What you need to do: Go to the line with "2016 BMW 730d xDrive test drive review 117" in the material below and copy from there through the line with "Watercolor iPhone 7 wallpaper", exactly. Pictures are not copied.

Recorded data:
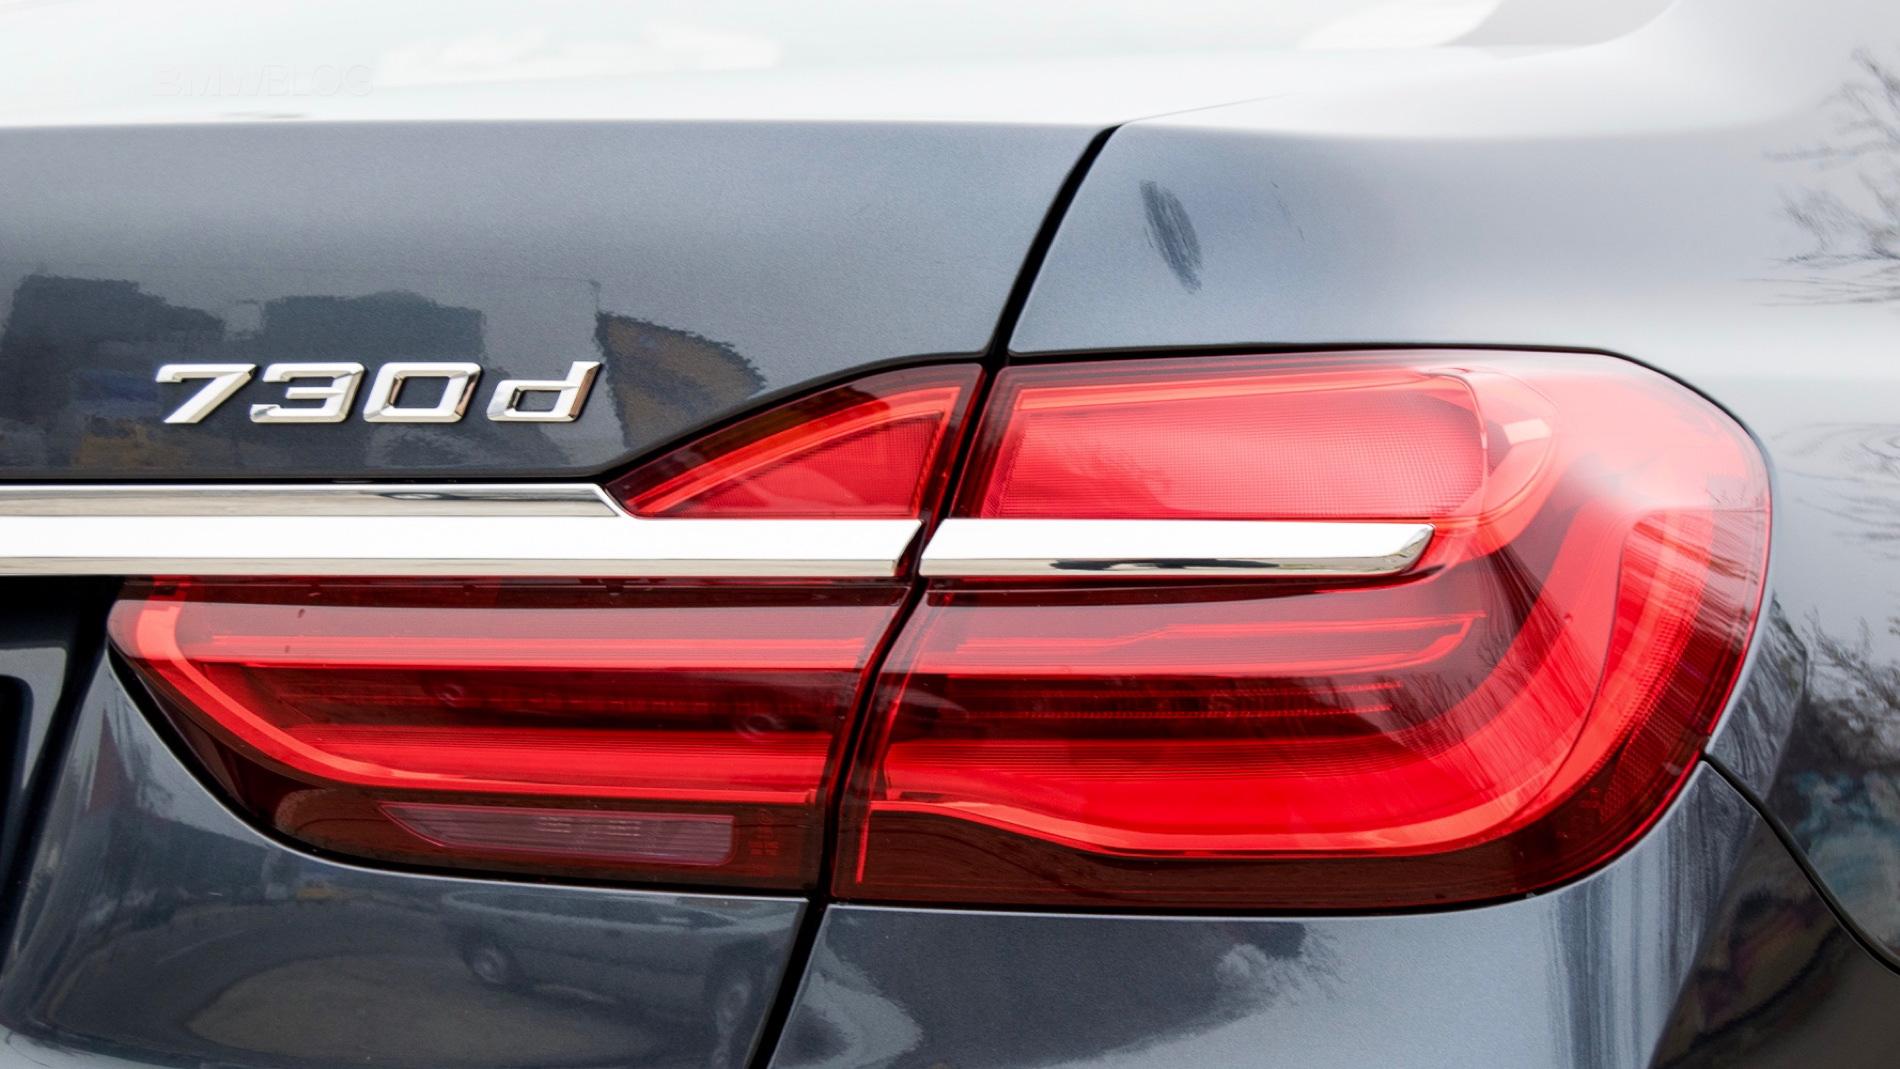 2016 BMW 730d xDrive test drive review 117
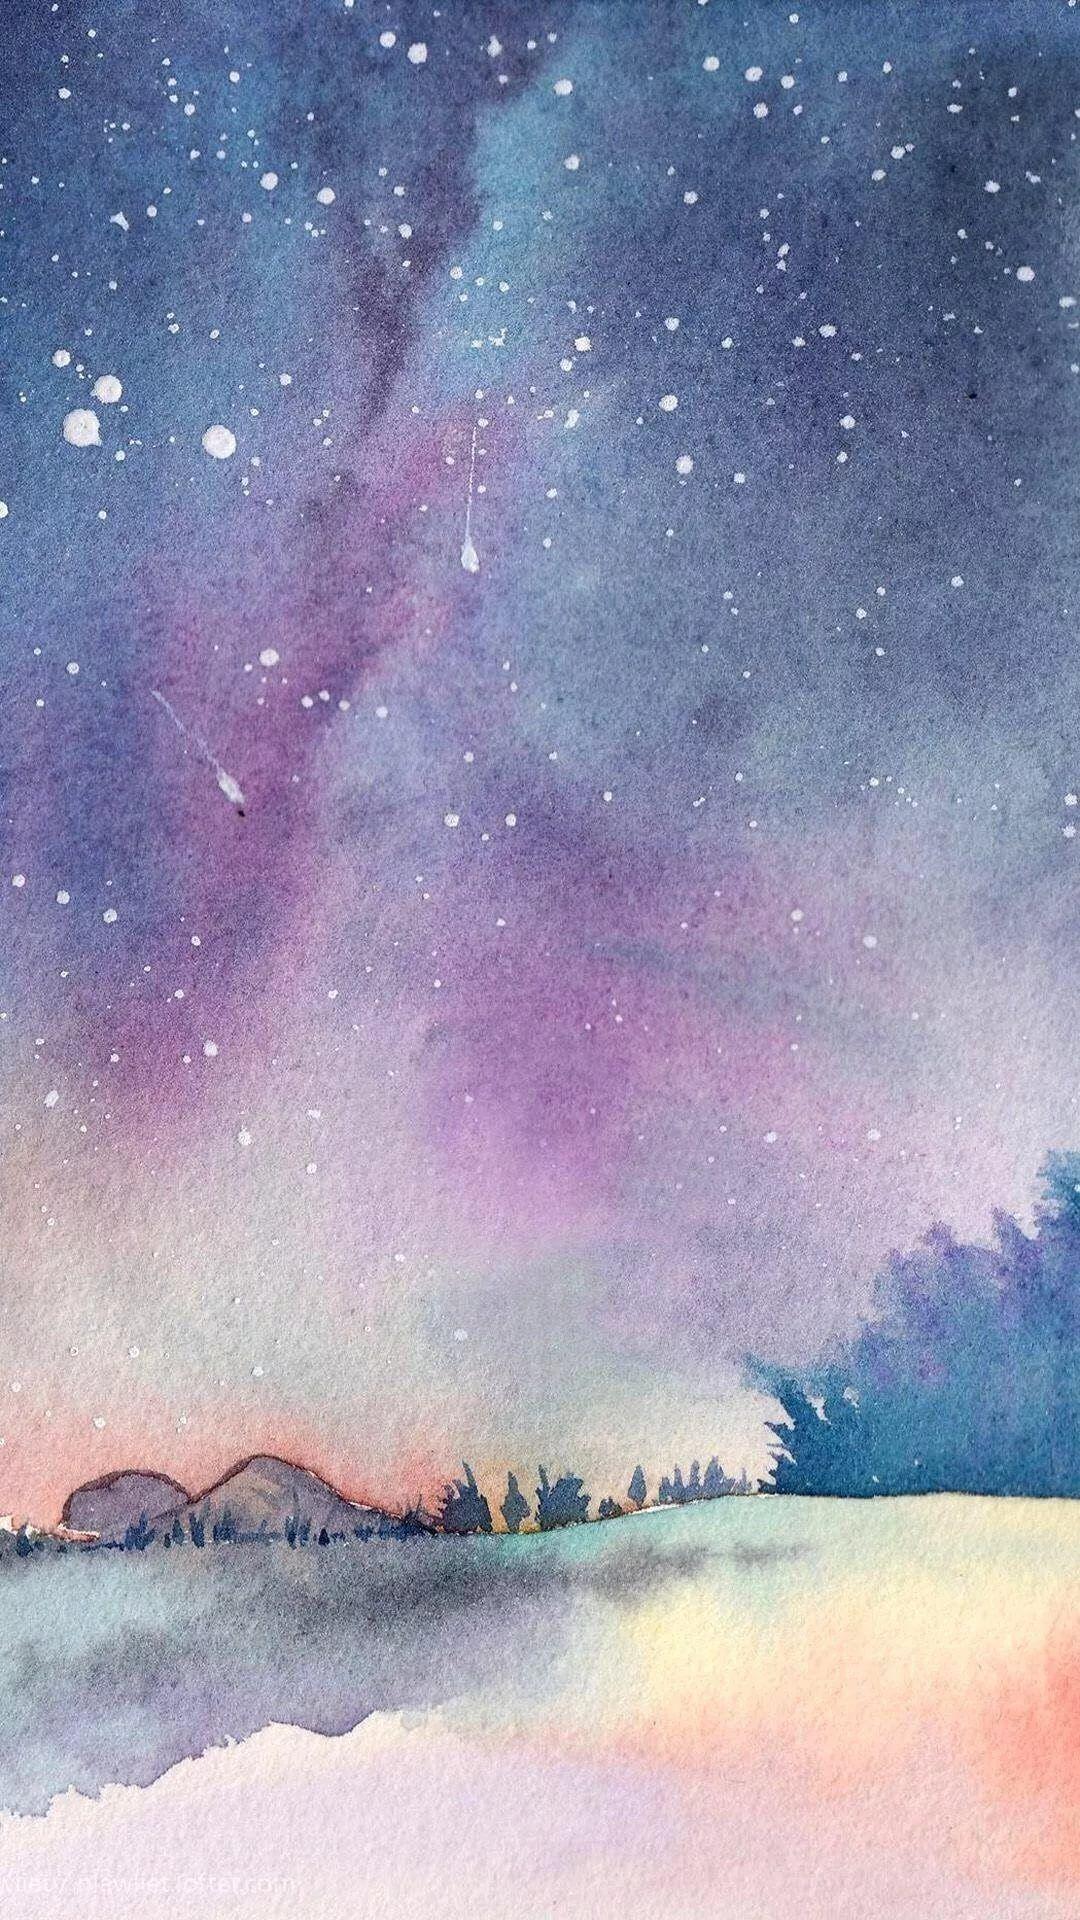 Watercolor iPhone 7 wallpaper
==
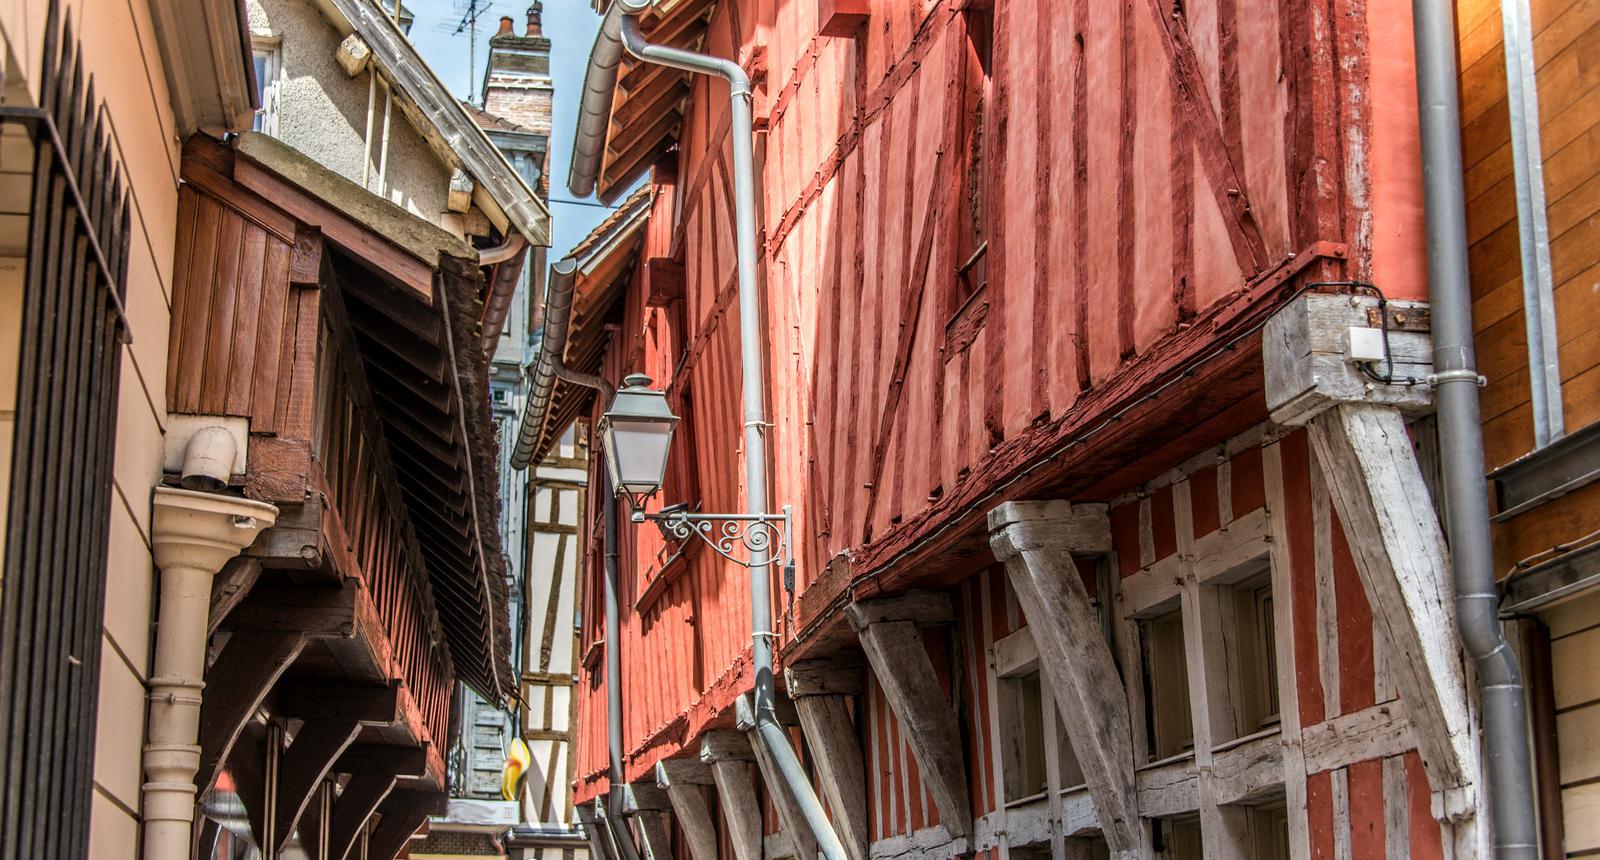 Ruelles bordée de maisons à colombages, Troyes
---
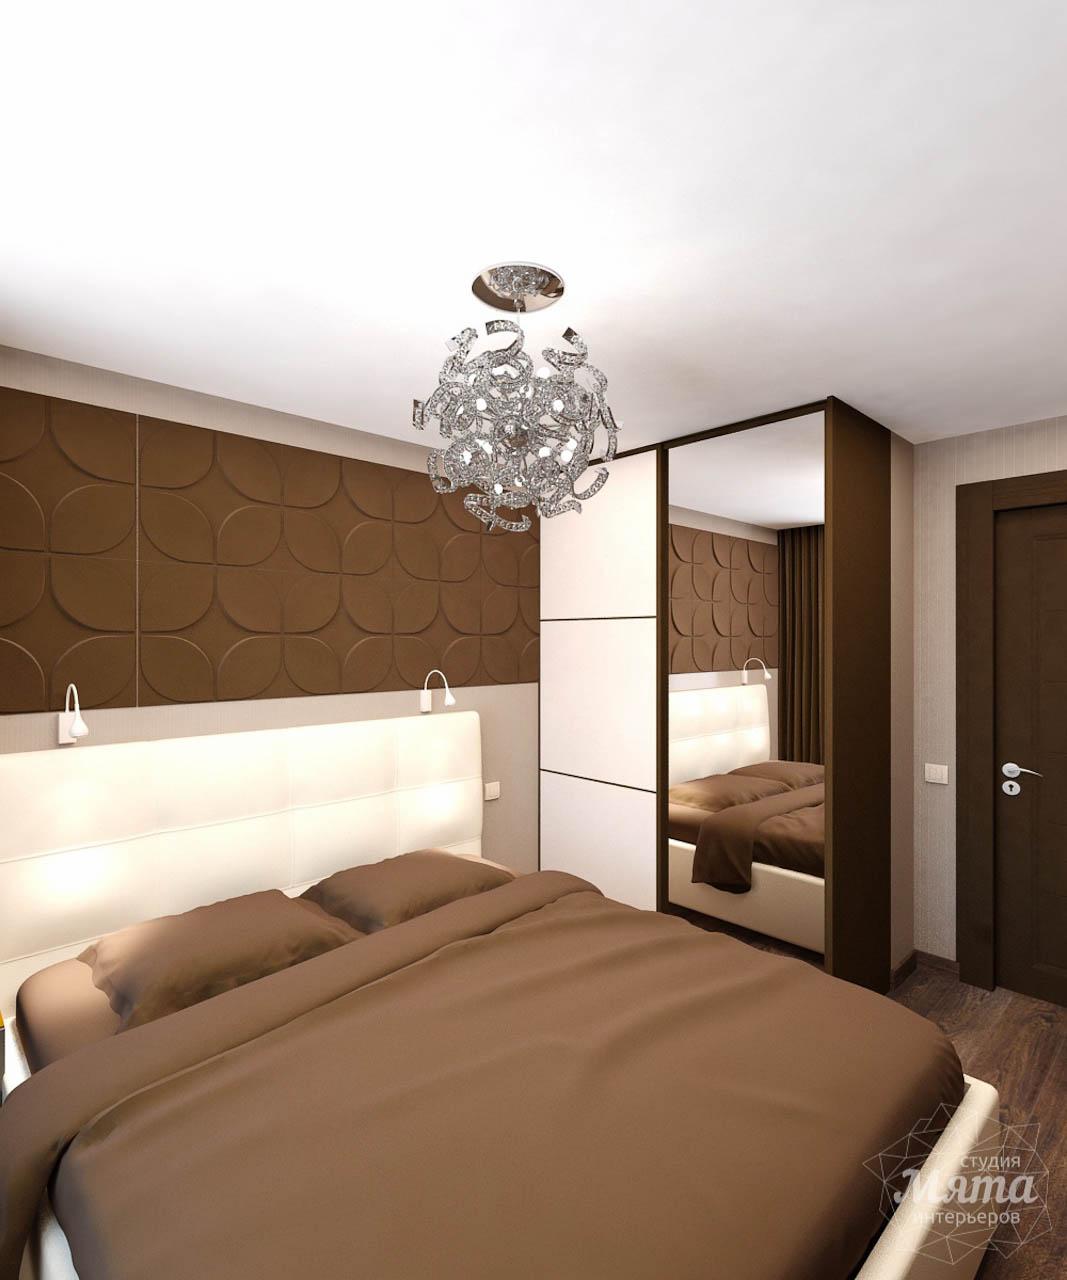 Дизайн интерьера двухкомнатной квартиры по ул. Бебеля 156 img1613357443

Response to the task:
 2016 BMW 730d xDrive test drive review 117
 Watercolor iPhone 7 wallpaper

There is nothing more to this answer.